It's assumed that as we get older our health will gradually deteriorate. Our bodies age, wrinkles form, metabolism slows, and our immune system weakens. But how much of what we consider to simply be natural aging is actually due to preventable environmental factors?
A striking new study led by researchers from Columbia University Irving Medical Center has found a strong link between exposure to air pollution and a weakening of the lungs' ability to battle respiratory infections. The findings shed light on why older people are particularly vulnerable to respiratory diseases such as COVID-19 and influenza, and serve as a stark reminder of the importance of clean air.
The research began over a decade ago, as a study looking at immune cells in lymphoid tissue from deceased donors. Initial investigations turned up something unexpected: lung lymph node tissue from non-smokers looked very different to lymph nodes in other parts of the body.
“When we looked at people’s lymph nodes, we were struck by how many of the nodes in the lung appeared black in color, while those in the GI tract and other areas of the body were the typical beige color,” explained Donna Farber, lead researcher on the project.
The researchers started to gather more lung lymph tissue from a variety of donors and quickly detected a pattern. The younger the lymph node, the lighter in color it was. And when the researchers took a closer look at the blackened lymph tissue they found it was packed with air pollution particles.
So this new study, published in Nature Medicine, set out to explore whether this chronic exposure to air pollution was slowly damaging lymph nodes over time, ultimately impairing a person's immune response in the lungs. Lymph node tissue from both the lung and the gut were collected from 84 deceased donors, spanning ages 11 to 93.
The first big observation was that lung lymph node tissue from humans became increasingly black as a person got older, but lymph node tissue taken from the gut did not show the same age-related changes. Zooming in on the lung lymph nodes Farber said it quickly became clear that pollutant particles were found inside crucial immune cells.
“These immune cells are simply choked with particulates and could not perform essential functions that help defend us against pathogens,” Farber said.
Air pollution particles were particularly found in immune cells called macrophages. These immune cells are like front-line soldiers in the lungs, destroying bacteria and sweeping away dead cells. Macrophages also act as crucial immune signaling cells, secreting molecules to call in reinforcements from other immune cells.
These new findings indicate air pollution particles can accumulate in the lung nodes that produce macrophages, and this impairs their function. So over long periods of exposure to air pollution our lungs ultimately decline in their ability to battle pathogens, leaving us more susceptible to respiratory infections.

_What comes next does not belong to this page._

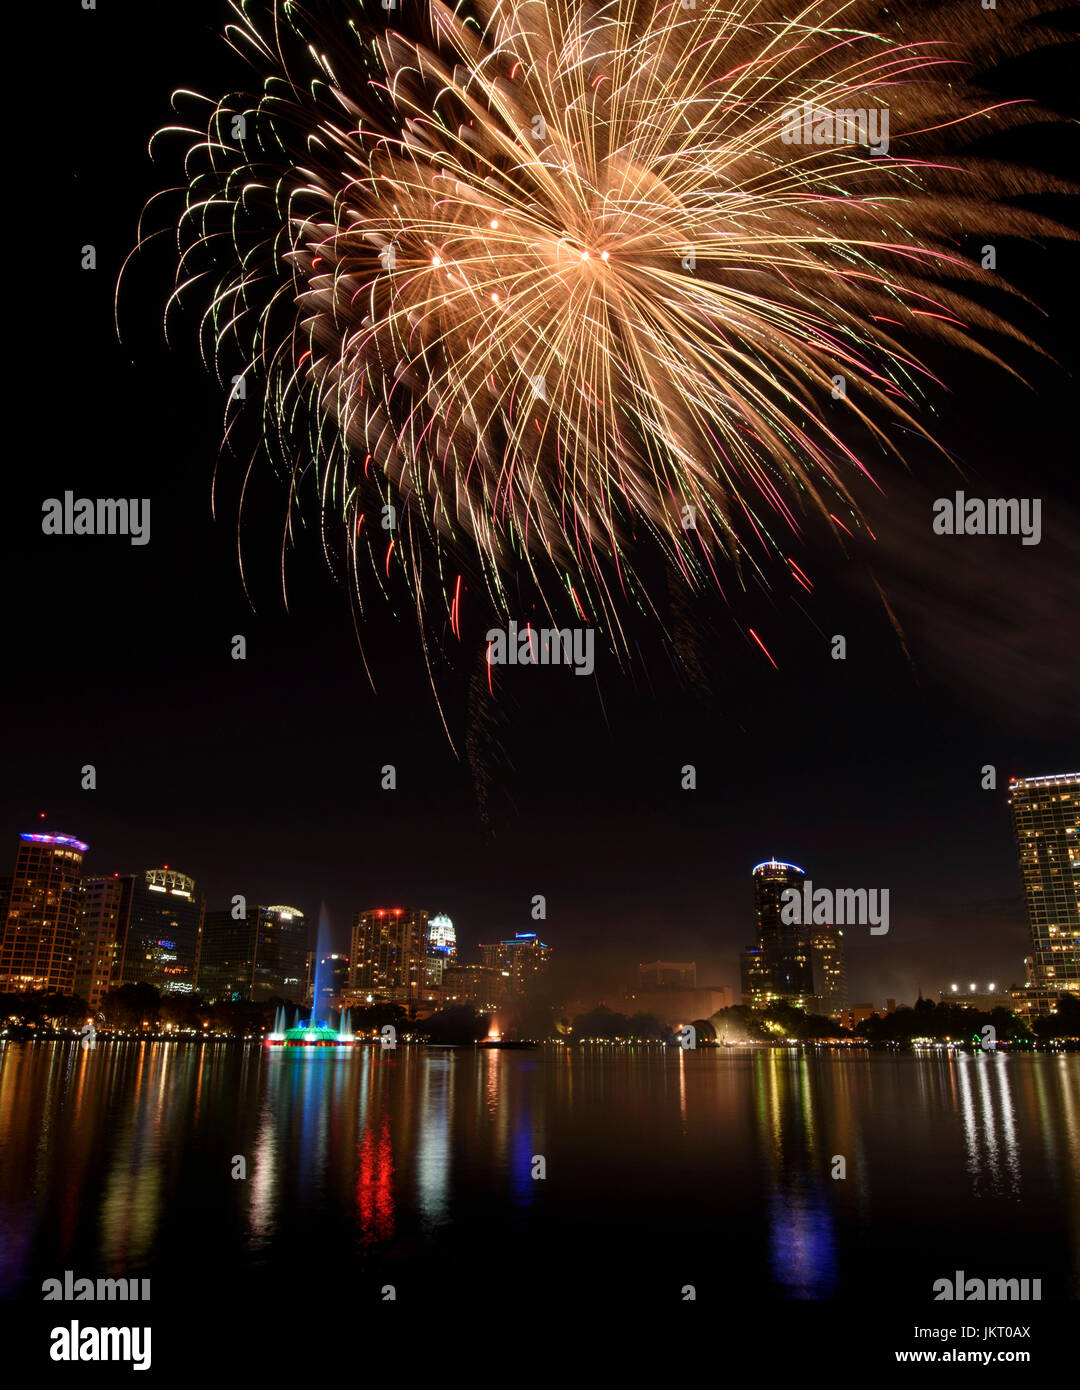 Am 4. Juli Feuerwerk am Lake Eola Park in der Innenstadt von Orlando, Florida. Stockfoto

According to Farber, these findings are not intended to be a singular definitive explanation as to how age makes us more vulnerable to diseases like influenza. However, the study provides robust evidence decades of exposure to air pollution can weaken our immune defenses.

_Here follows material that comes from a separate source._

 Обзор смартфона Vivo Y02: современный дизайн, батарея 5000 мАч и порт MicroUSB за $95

“We do not know yet the full impact pollution has on the immune system in the lung, but pollution undoubtedly plays a role in creating more dangerous respiratory infections in elderly individuals and is another reason to continue the work in improving air quality," Farber stressed.

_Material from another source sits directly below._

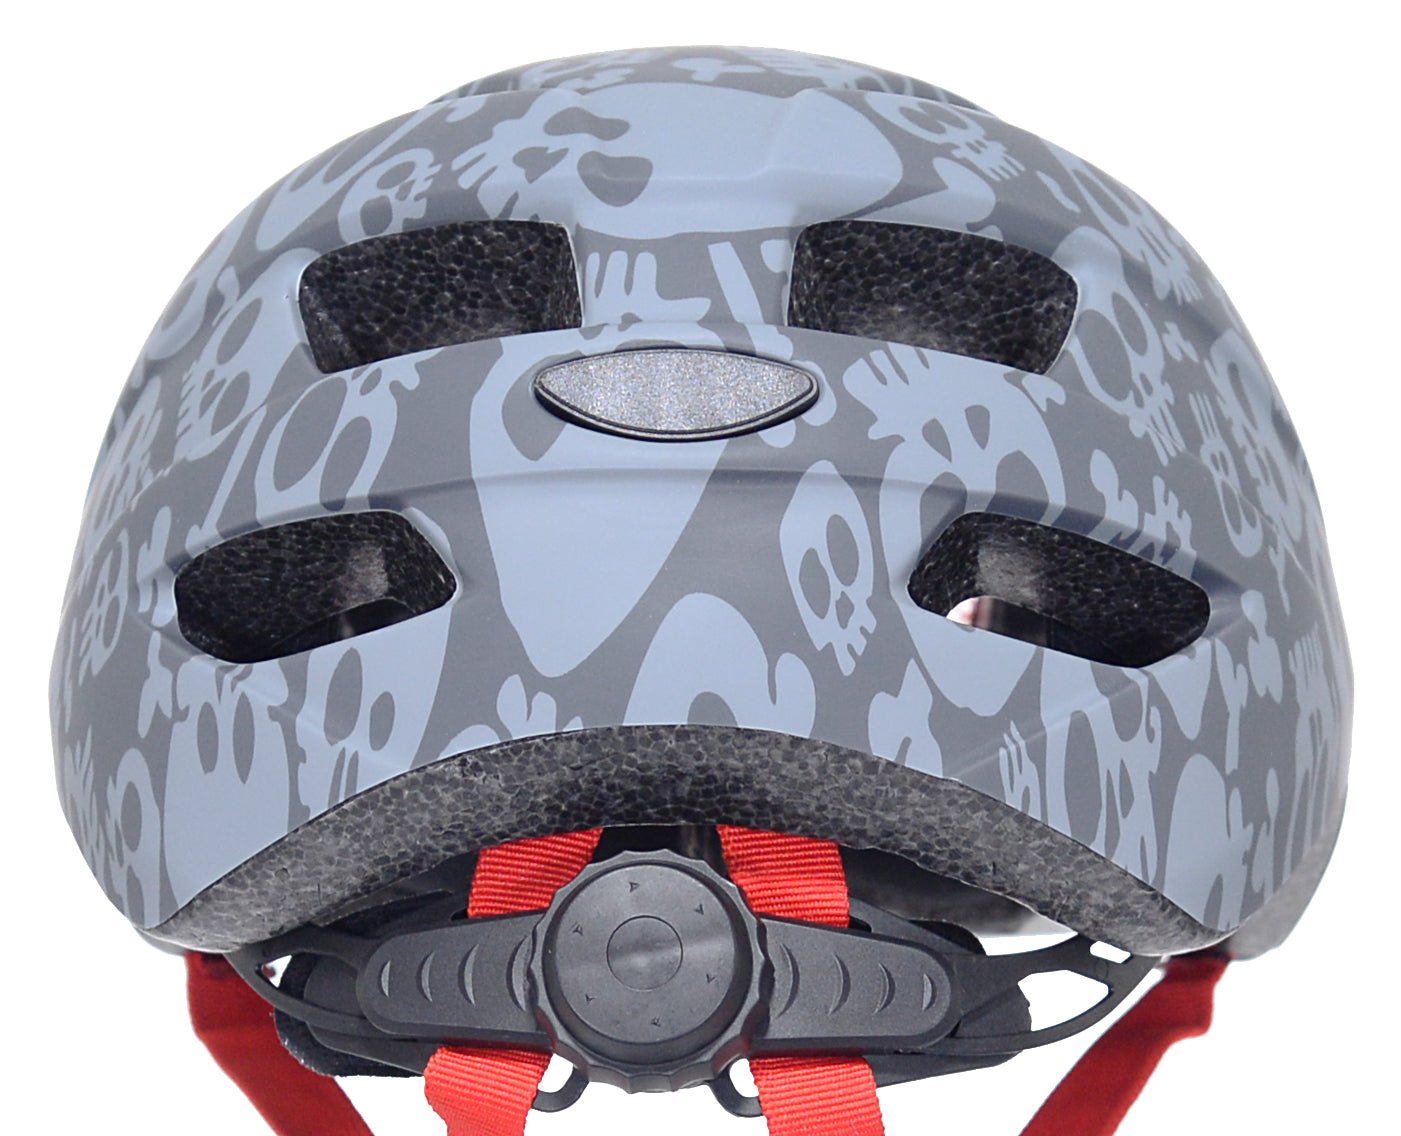 Kent Toddler Multi-Sport Helmet | For Ages 1 - 3

James Kiley, from the National Institutes of Health (NIH), said the findings are interesting and help us understand why the elderly are more susceptible to lung disease. Kiley, who didn't work on the study himself, also added the study supports a greater push to address air pollution, something Farber and colleagues directly raise in the study.
"The specific effects of pollutants on lung inflammation and asthma in certain individuals or within certain geographic regions have been documented," the researchers concluded in the study. "The effects of pollutants on neurodegenerative disease are also well documented and neuroinflammation is implicated in this process. We therefore propose that policies to limit carbon emissions will not only improve the global climate, but also preserve our immune systems and their ability to protect against current and emerging pathogens and to maintain tissue health and integrity."
The new study was published in the journal Nature Medicine.